Wretchedotis, my ex was not given a conditional discharge YET as I’ve stated that he hasn’t been sentenced yet. He was given a conditional discharge on his last charge with a prior girlfriend that occurred in 2005. He will LIKELY receive another one this time around. So maybe you should read through the material before making such a ridiculous comment. And right…your statement about the punch to head is not as big of a deal as I think it is. Neither is the grabbing me by the back of my head and hitting my face into the middle console a number of times, huh? Honestly, I feel very sorry for you to have such an outlook. Even sorrier for your partner as I hope she isn’t on the receiving end of that one day. Sounds like you do a pretty good job of justifying it. You and my ex should start a club J Oh wait, from the tone of many of the responses he’s probably a regular contributor on here.

I’m sure there are women out there that do use domestic abuse charges to further their money grab and keep a good father from his children. I doubt there are as many as there are abusers but I’m sure there are. Just like there are deadbeat dads who have their kids witness abuse and could injure them in the process but still feel they are entitled to the same rights that responsible loving dads have. Not that I think you’re one of those slughead
So although some of the feedback here has been appreciated and helpful too much of it is indicative of a caveman-type mentality. I find it rather disturbing this type of mentality actually exists and to be honest though I appreciate some of it (HammerDad and stripes) many of your responses make me sick to my stomach.

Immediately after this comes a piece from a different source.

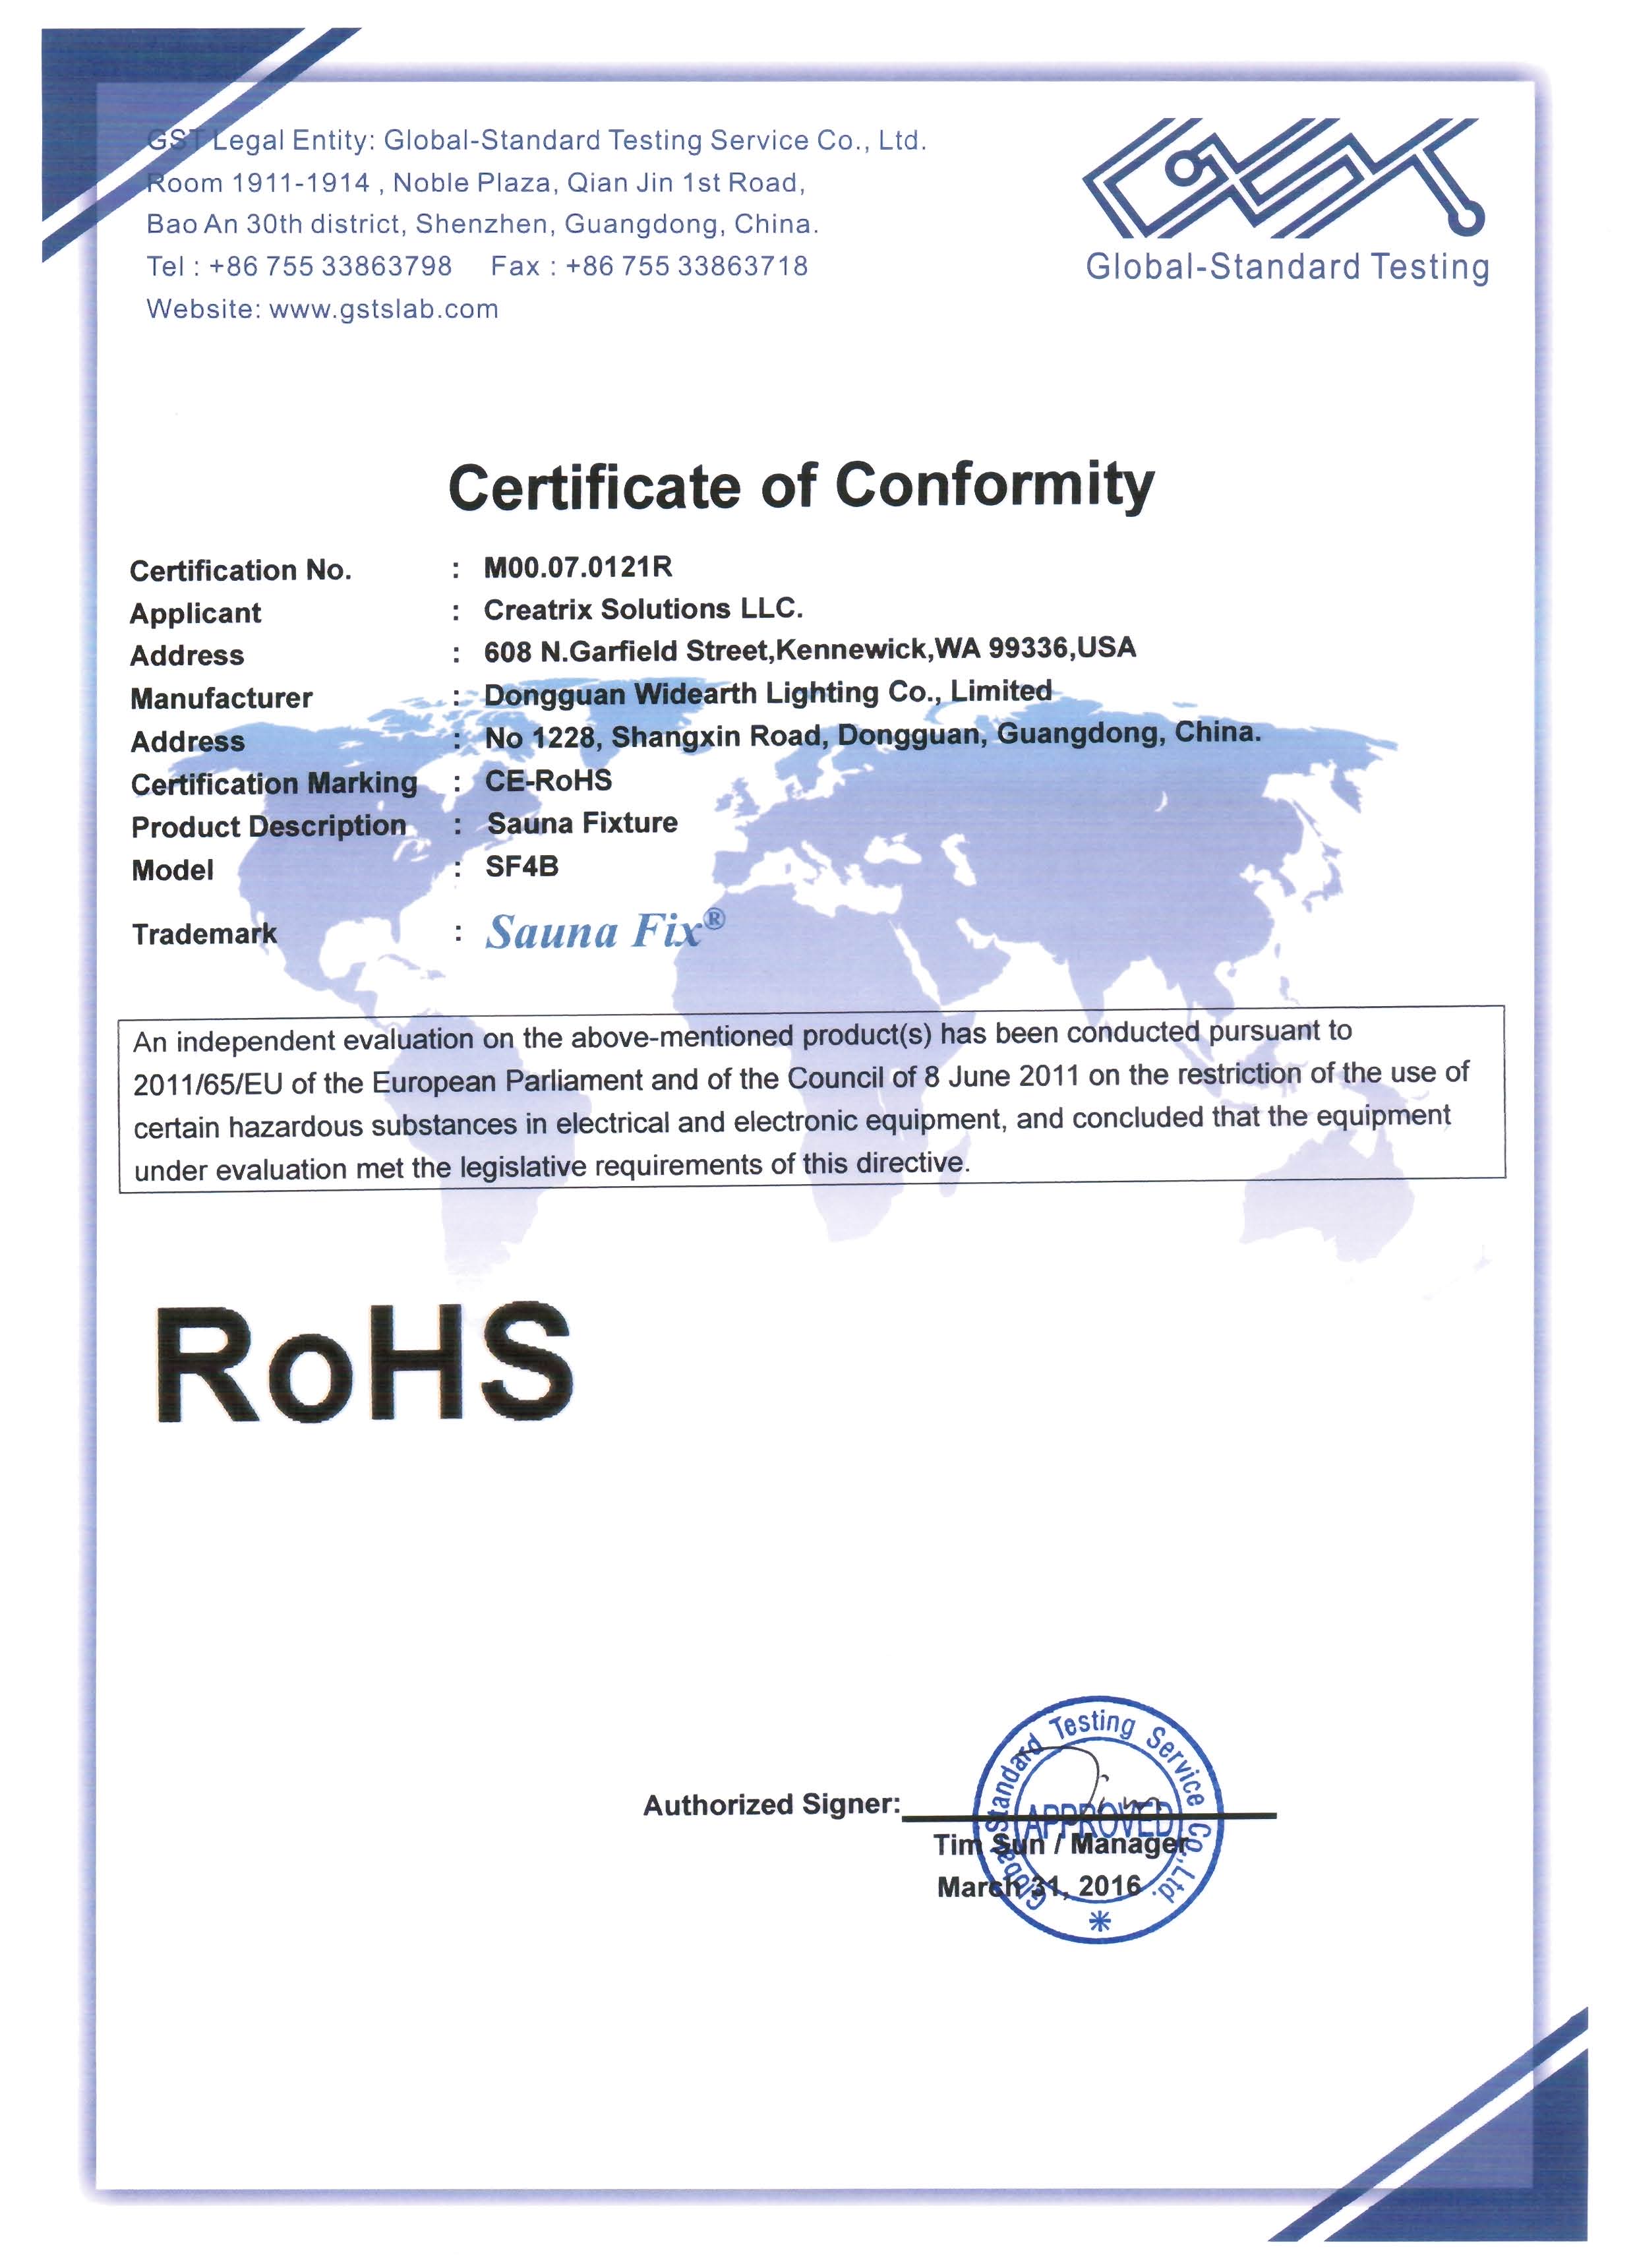 Sauna Fix USA ROHS Certificate

Btw, Tayken I appreciate all of your advice on mental health and yes you did allude to the fact that I MAY be suffering from mental health issues lol. Don’t worry, my counselor is quite well-versed in treating victims of abuse, as well as individuals who commit assault, of which many don’t take accountability. I totally get that a number of you are baiting and I don’t understand where all that hate comes from. Perhaps some of you could benefit from some therapy to outlet some of that anger and hatred as opposed to picking apart individuals on here who are just looking for objective feedback. Btw, Tayken I still don’t like the conflict but I guess maybe I’m growing a backbone through my therapy. Hey it’s working J Good luck to you all... Peace out....
Yep, you're right. I misunderstood some of what you said.

But my point remains valid.
"it is what it is".

You don't say what the actual charge was/is - so I can't really say much more.

But if you're expecting much more than a suspended sentence this time - I fear you will be disappointed.